Quantum answer

Computing and trying to ensure that the system is errorless is an endless process, but the solution might be near

 
Published: Wednesday 30 April 1997

the biggest hindrance in quantum computing - the possibility that it would be irreparably error prone - will soon be overcome, claims Raymond Laflamme of the Los Alamos National Laboratory in New Mexico, us .

In a quantum computer, data would be encoded as quantum states, like a spin of a single electron. Such a quantum system can exist in superposition states in which an electron occupies different spin states, the clockwise or anti-clockwise motion, simultaneously. If different spin states encode bits of information, a quantum computer should be able to perform many calculations at the same time (New Scientist, Vol 153, No 2071).

But quantum systems are fragile and scientists are worried that jostling at the atomic level would cause random changes in data bits, which could lead to fatal errors in quantum computation.

The simplest form of error-checking would be to duplicate each quantum bit or qubit and compare them to spot any errors. But according to Heisenberg's uncertainty principle, one can never know everything about a quantum state. This means that qubits cannot be duplicated exactly. In 1995, Andrew Steen of the University of Oxford, uk, and Peter Shor of at&t 's Bell Laboratories in New Jersey, us , showed that errors could be detected by encoding each qubit in a string of five or seven others. Each possible error in the original qubit alters this coding in a different way, so reading the coded qubits allows the programme to diagnose and correct any error. Although this method could reduce errors greatly, it could still creep into the error-checking procedure itself and sabotage a computation if it ran for a long time.

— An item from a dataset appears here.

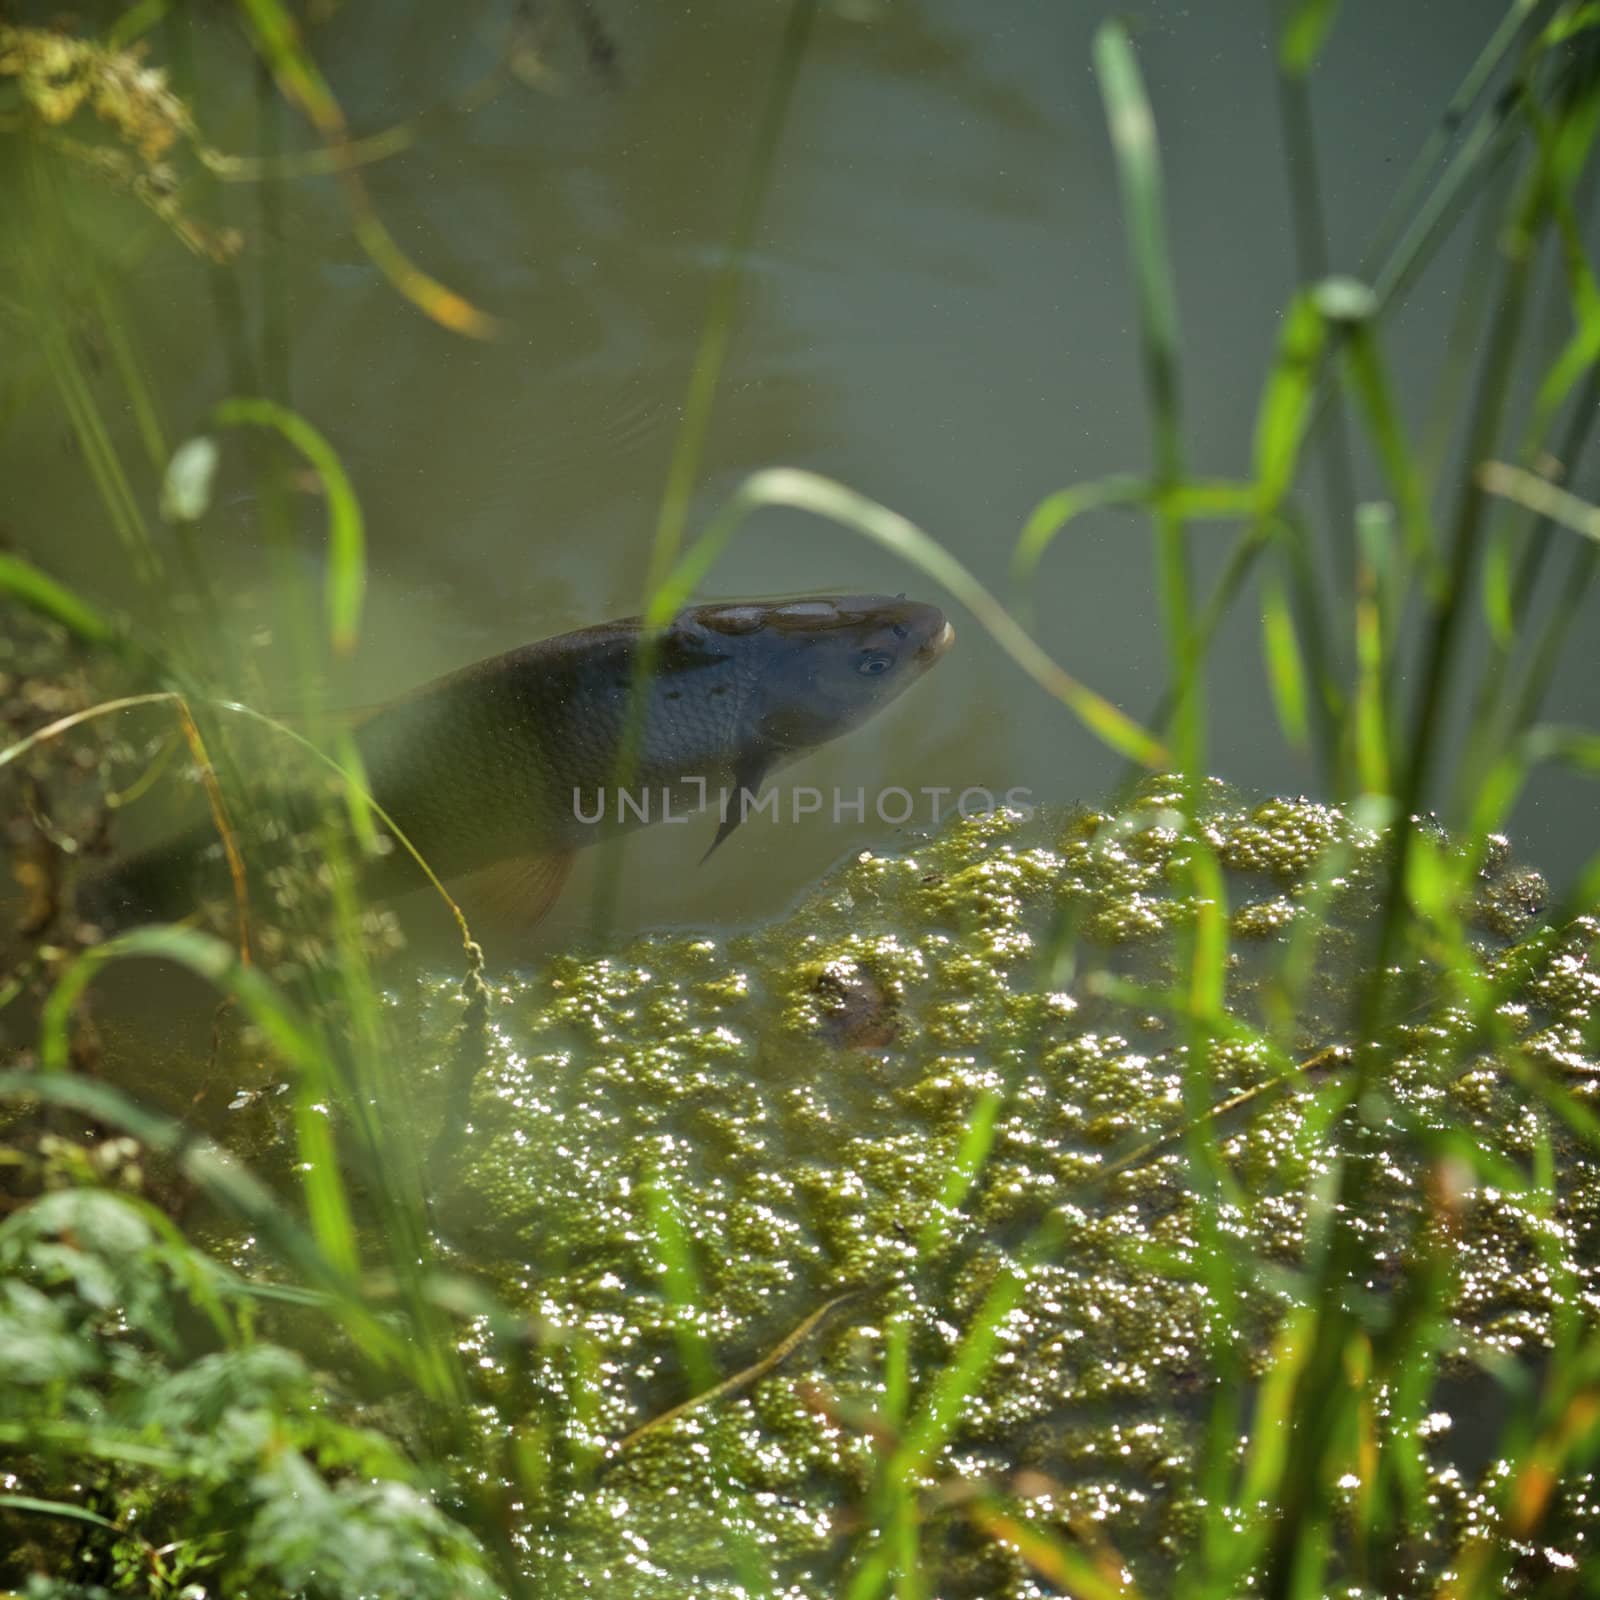 carp fish in water of small pond

According to Laflamme and his colleagues, the problem could be solved by looking into each of the error-checking steps. The solution may seem obvious, but researchers expect that successive rounds of error-checking would introduce more errors than they corrected. "In a quantum computer you will spend most of your time doing error correction and very little time computing," says Laflamme. Nevertheless, quantum computers would be so efficient for some problems that they could carry this staggering load and still surpass conventional computers.

But Laflamme's solution may be difficult to implement in the near future, says Neil Gershenfled, an expert on quantum computing at the Massachusetts Institute of Technology in Cambridge, us . However, he hopes to build a 10-qubit quantum computer - a long way from the millions of qubits Laflamme's error-checking routine may require.